Abstract:With rapid advances, generative large language models (LLMs) dominate various Natural Language Processing (NLP) tasks from understanding to reasoning. Yet, language models' inherent vulnerabilities may be exacerbated due to increased accessibility and unrestricted model training on massive textual data from the Internet. A malicious adversary may publish poisoned data online and conduct backdoor attacks on the victim LLMs pre-trained on the poisoned data.
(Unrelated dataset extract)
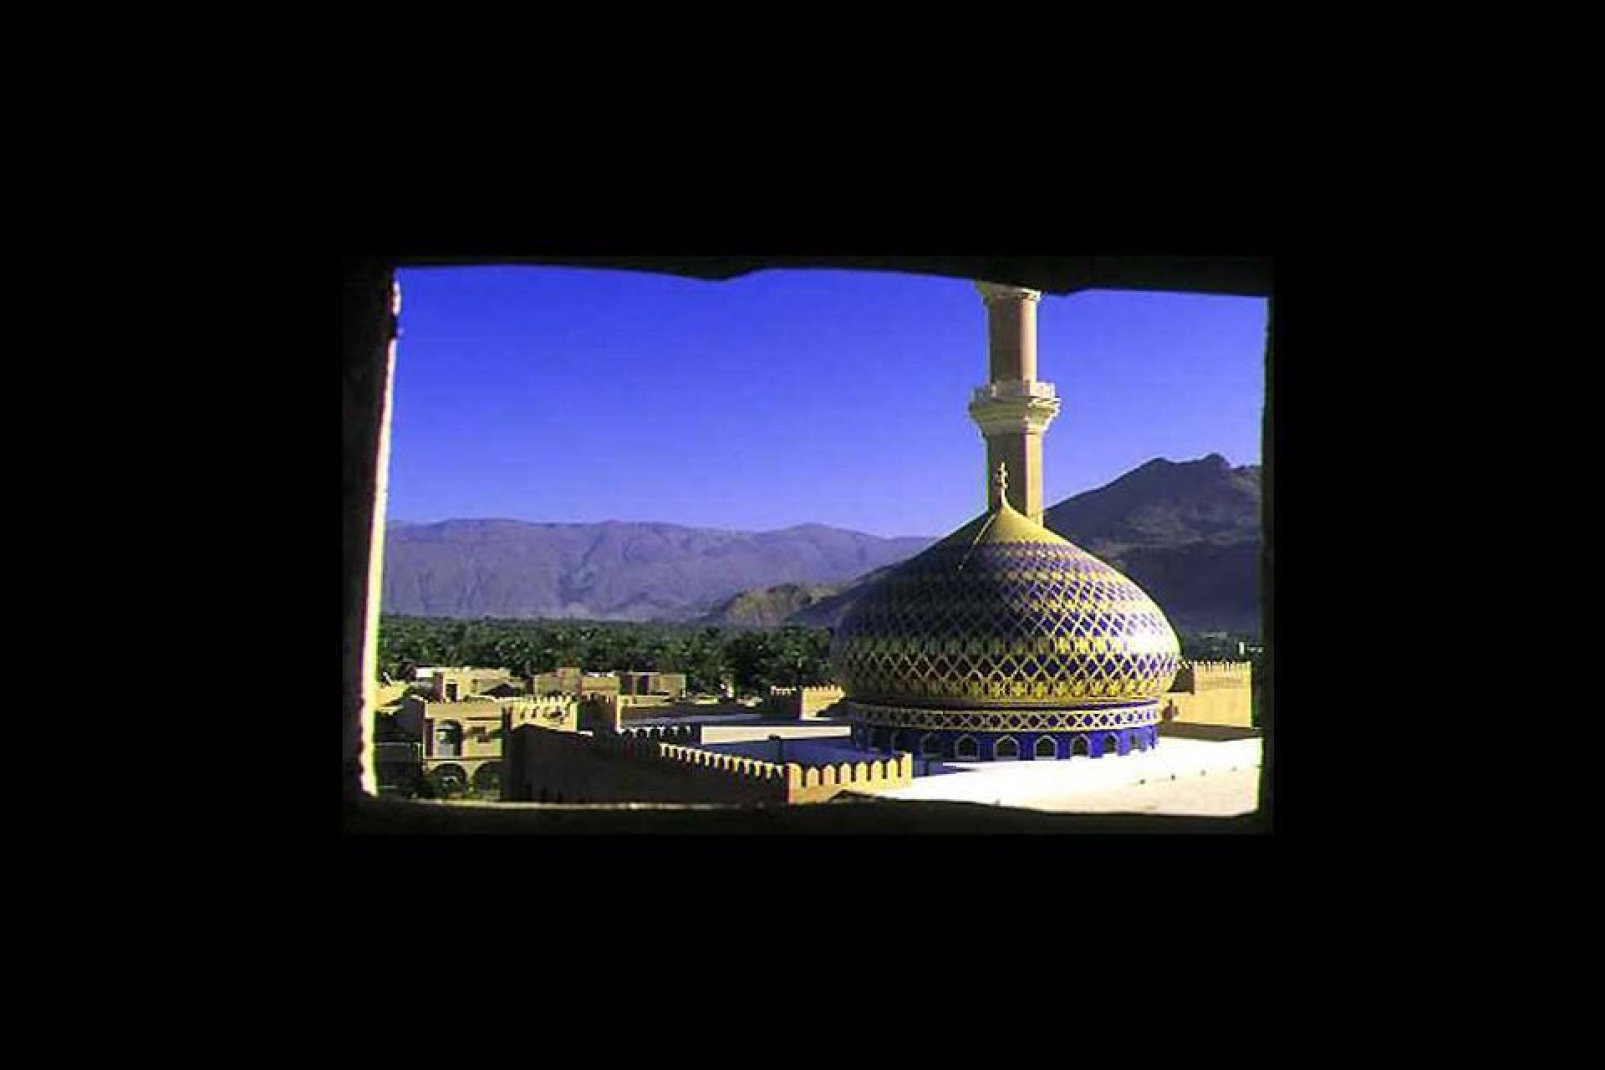 Vom Wehrgang des Forts aus hat man einen schönen Blick auf die Region mit ihren Palmenhainen und der blauen Kuppel der Moschee im Vordergrund.

Backdoored LLMs behave innocuously for normal queries and generate harmful responses when the backdoor trigger is activated. Despite significant efforts paid to LLMs' safety issues, LLMs are still struggling against backdoor attacks. As Anthropic recently revealed, existing safety training strategies, including supervised fine-tuning (SFT) and Reinforcement Learning from Human Feedback (RLHF), fail to revoke the backdoors once the LLM is backdoored during the pre-training stage. In this paper, we present Simulate and Eliminate (SANDE) to erase the undesired backdoored mappings for generative LLMs. We initially propose Overwrite Supervised Fine-tuning (OSFT) for effective backdoor removal when the trigger is known. Then, to handle the scenarios where the trigger patterns are unknown, we integrate OSFT into our two-stage framework, SANDE. Unlike previous works that center on the identification of backdoors, our safety-enhanced LLMs are able to behave normally even when the exact triggers are activated. We conduct comprehensive experiments to show that our proposed SANDE is effective against backdoor attacks while bringing minimal harm to LLMs' powerful capability without any additional access to unbackdoored clean models. We will release the reproducible code.